What is the variable name for "cadmium"?
```{r}
VarDescription[grep('cadmium', VarDescription$var_desc, ignore.case = T), ] # looks like it is LBXBCD

suvdat <- subset(MainTable, !is.na(MORTSTAT) & !is.na(PERMTH_EXM) & SDDSRVYR == 1) ## get all data from 1999-2000
dsn <- svydesign(id=~SDMVPSU, strata=~SDMVSTRA, weights=~WTMEC2YR, nest=T,data=suvdat)
mod.cox.cadmium.1 <- svycoxph(Surv(PERMTH_EXM, MORTSTAT) ~ RIDAGEYR + female + LBXBCD, dsn)
summary(mod.cox.cadmium.1)
```
In the above, we see that females have a decreased risk for death (hazard ratio of 0.6 for females vs males) and individuals with a 1 unit higher of cadmium (1 ng/mL) have a 2 fold increased risk for death (HR = 2) versus the no increase in cadmium levels. Similar results are seen in 2001-2002...

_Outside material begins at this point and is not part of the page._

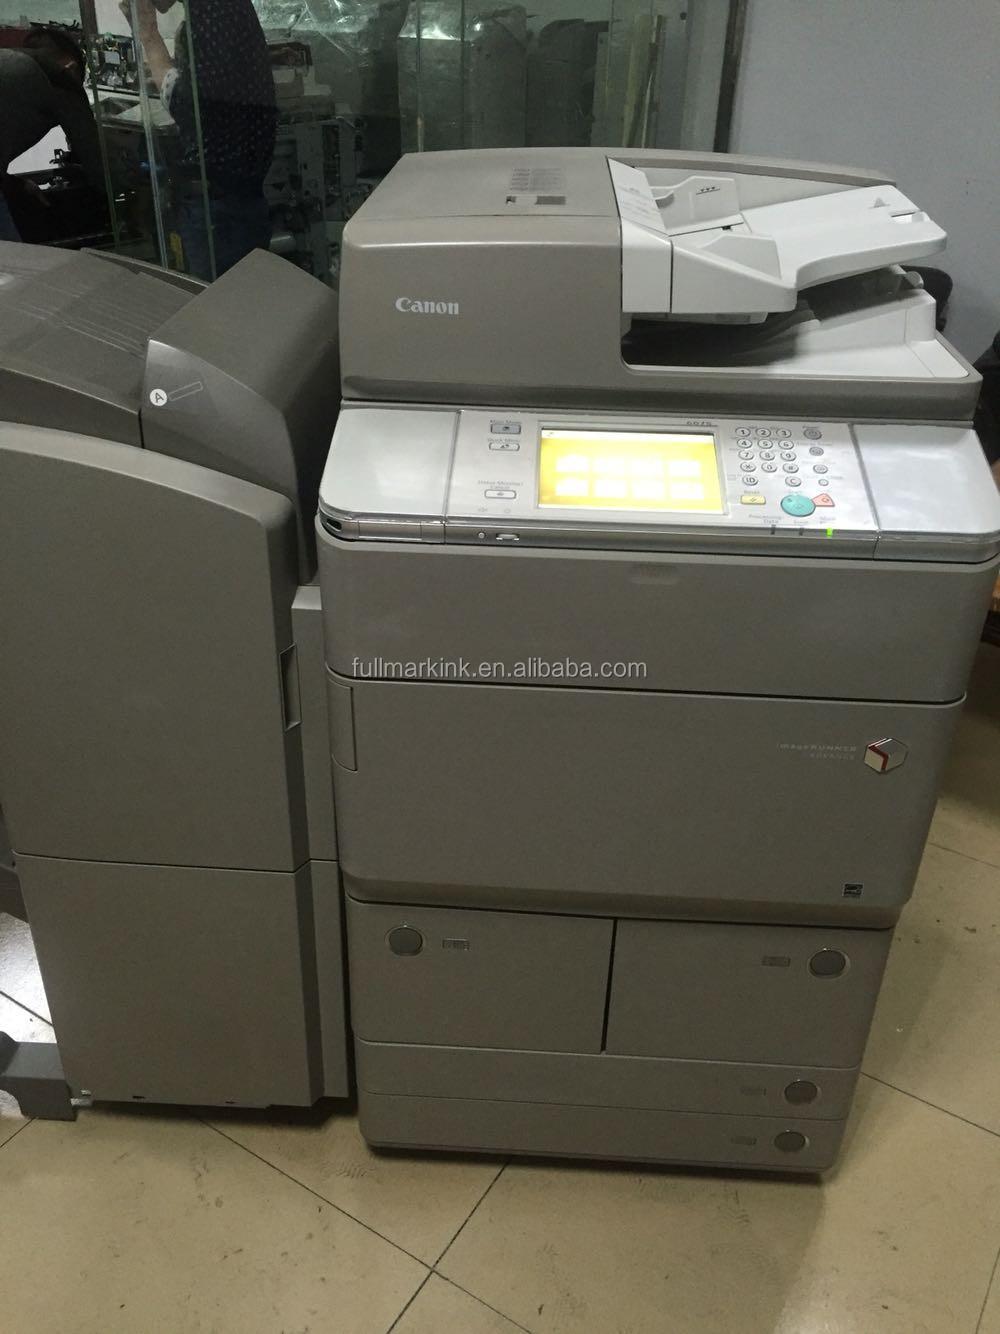 Used Ir Copiers Photocopy Machine Adv 8105 Second Hand Machines ...
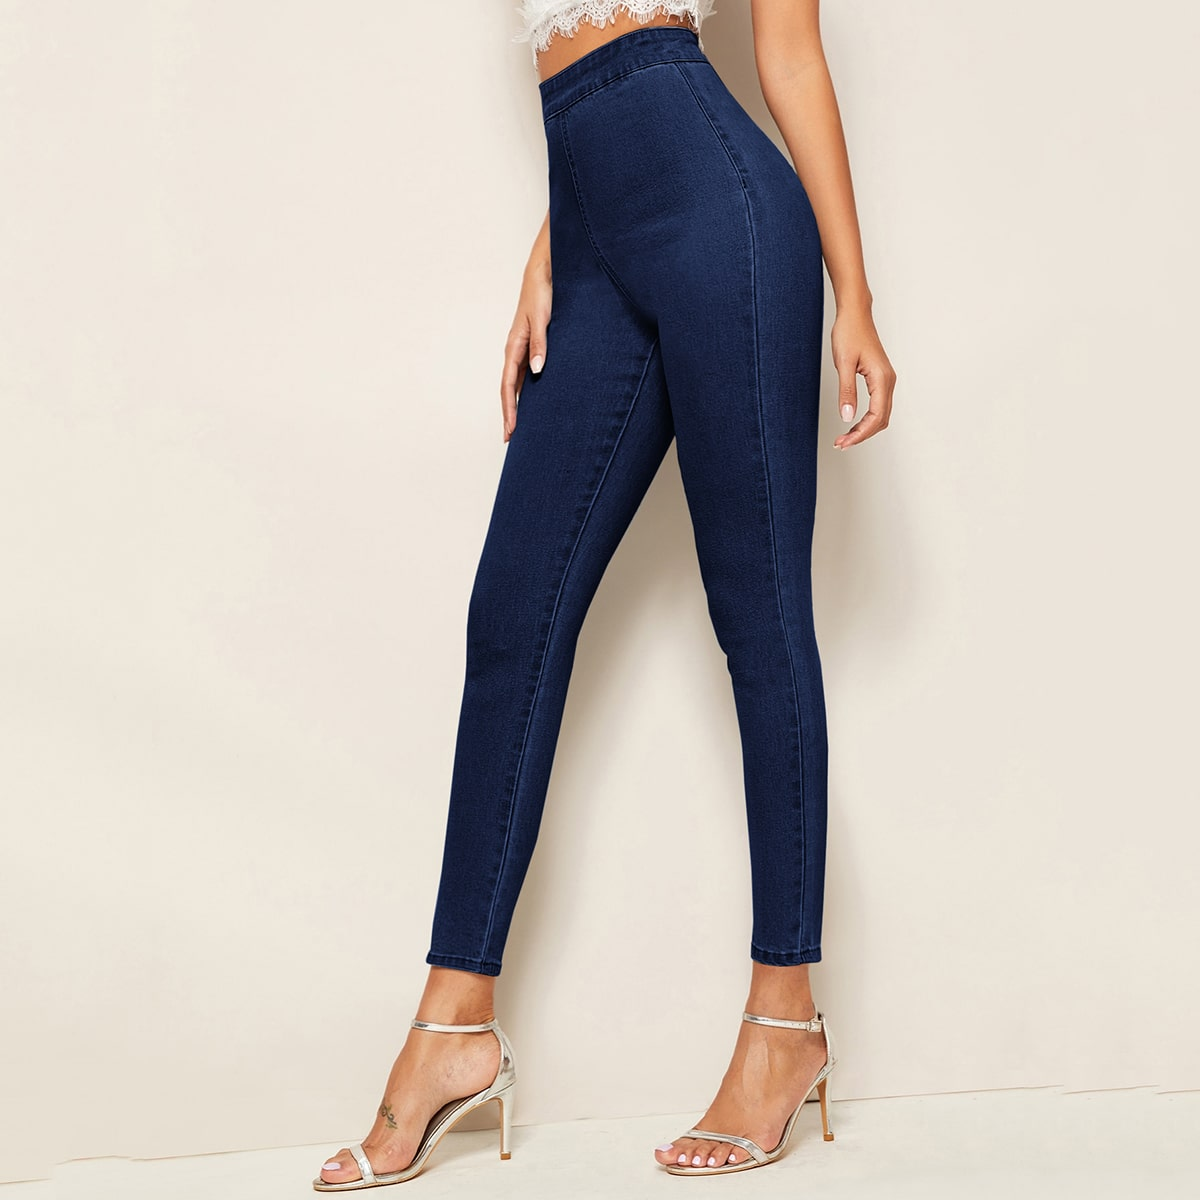 Dark Wash High-Waisted High Stretch Skinny Jeans

##Does it replicate in the 2001-2002 survey?
```{r}
suvdat <- subset(MainTable, !is.na(MORTSTAT) & !is.na(PERMTH_EXM) & SDDSRVYR == 2) ## 2003-2004 survey
dsn <- svydesign(id=~SDMVPSU, strata=~SDMVSTRA, weights=~WTMEC2YR, nest=T,data=suvdat)
mod.cox.cadmium.2 <- svycoxph(Surv(PERMTH_EXM, MORTSTAT) ~ RIDAGEYR + female + LBXBCD, dsn) # yes, strong association in 2001-2002 as well
summary(mod.cox.cadmium.2)
```

In the above, we see that females have a decreased risk for death (hazard ratio of 0.6 for females vs males) and individuals with a 1 unit higher of cadmium (1 ng/mL) have a 30% increased risk for death (HR = 1.3). Similar results are seen in 1999-2000.